> Problem statement: Please transcribe the listing below in full, exactly as written, leaving out its pictures.

Given data Start Marker

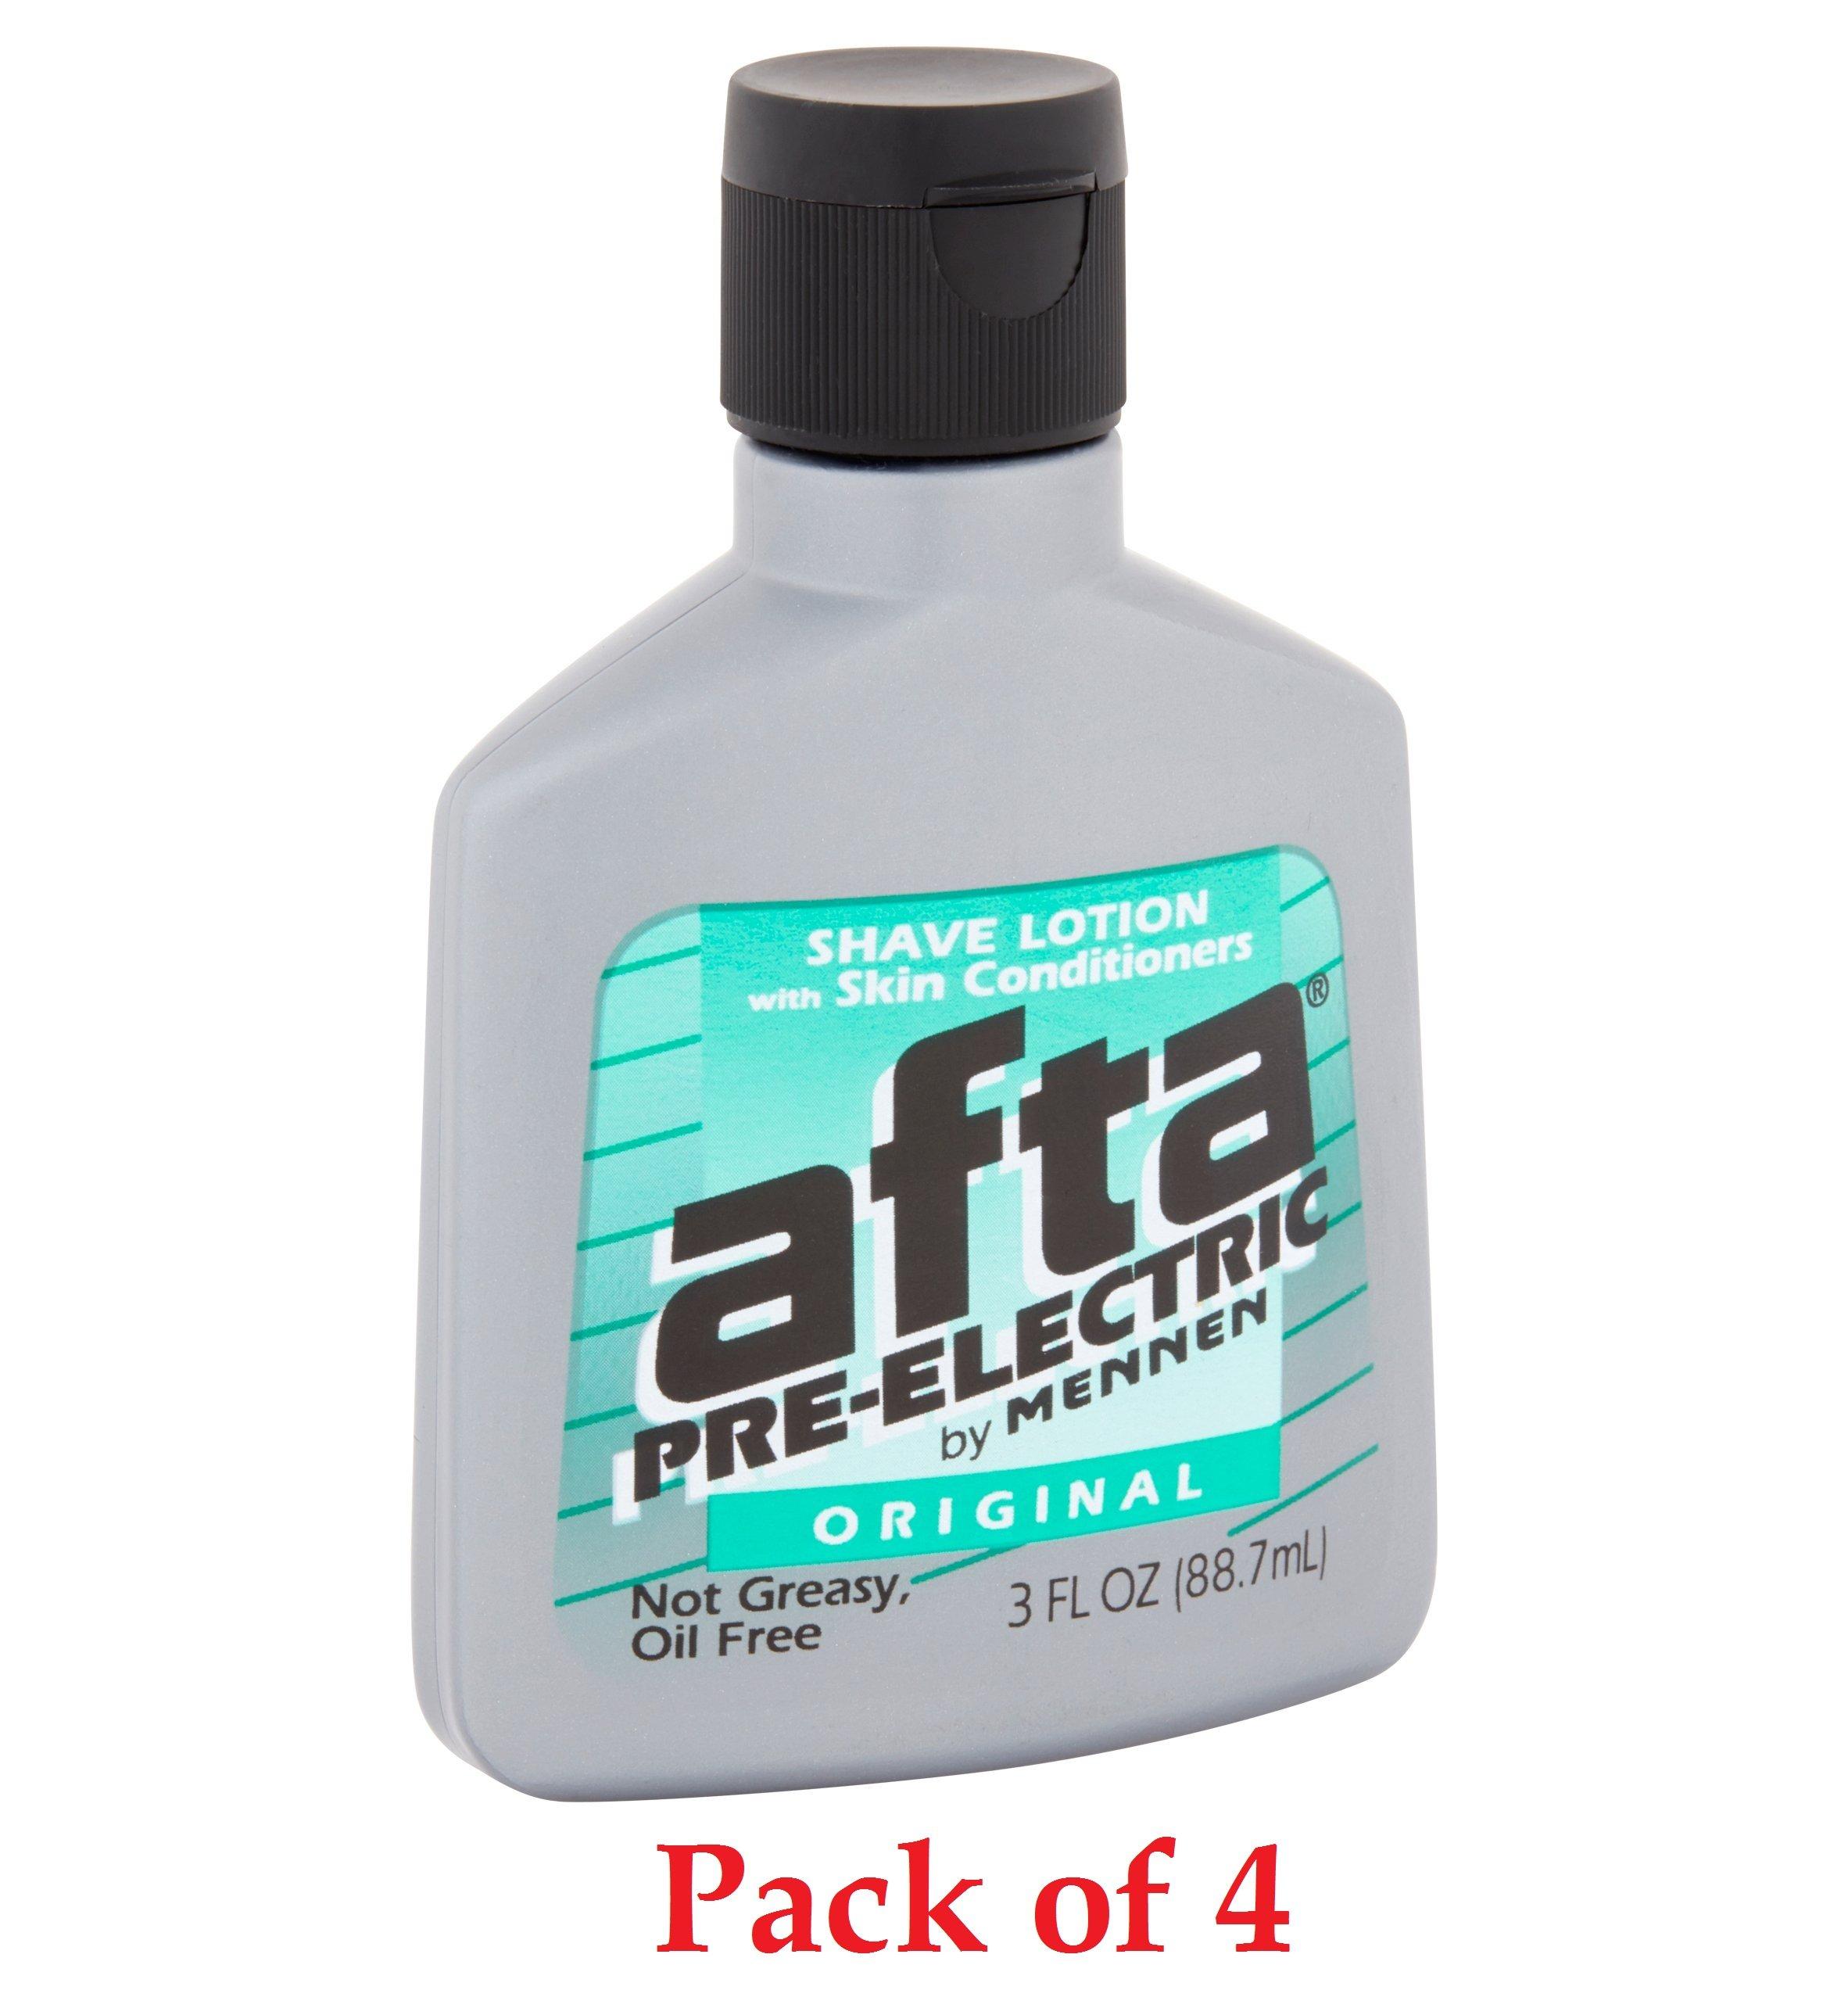 Mennen Afta Pre Electric Shave Lotion Skin Conditioners Original 3oz
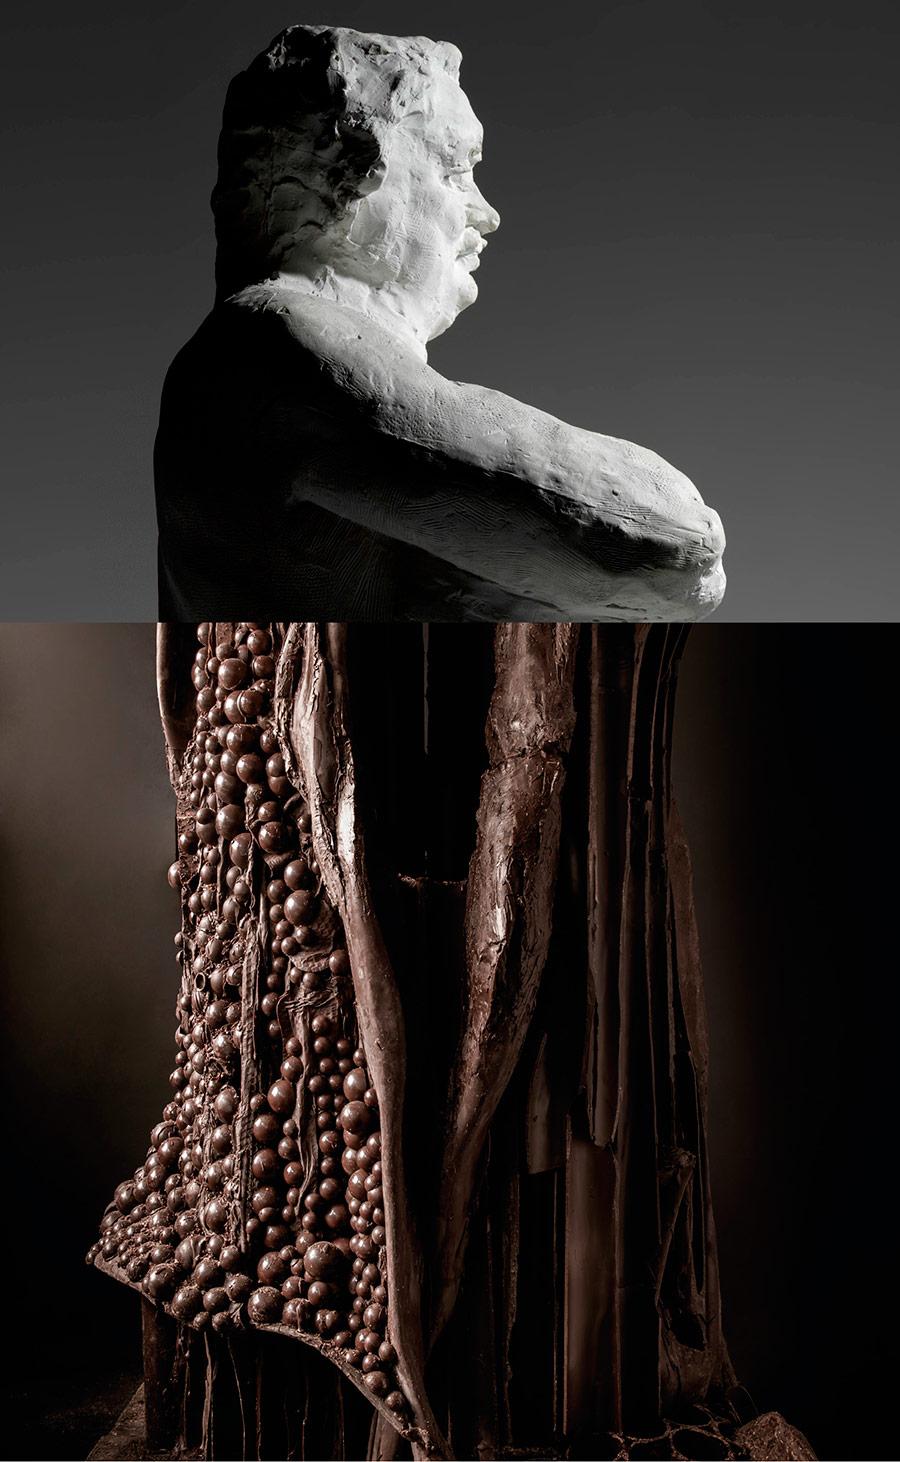 Sculpture balzac en chocolat patrick roger - Sculpture en chocolat patrick roger ...
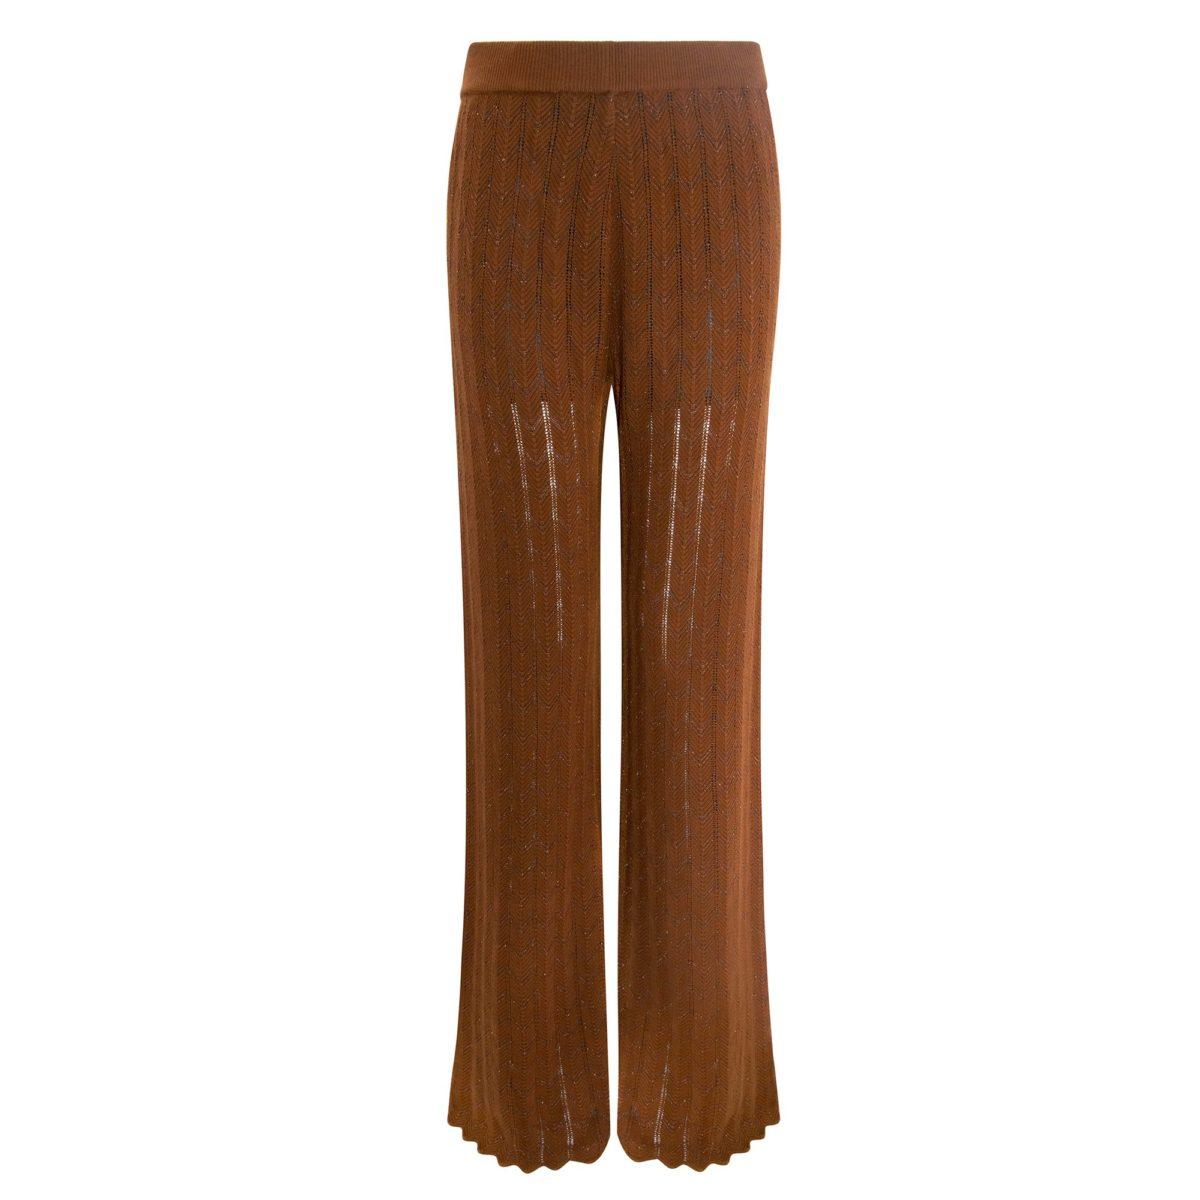 Pantalone Wide leg in maglia Rame - vista frontale | Nicla

Given data End Marker

> Solution below:
 Mennen Afta Pre Electric Shave Lotion Skin Conditioners Original 3oz
 Sculpture balzac en chocolat patrick roger - Sculpture en chocolat patrick roger ...
 Pantalone Wide leg in maglia Rame - vista frontale | Nicla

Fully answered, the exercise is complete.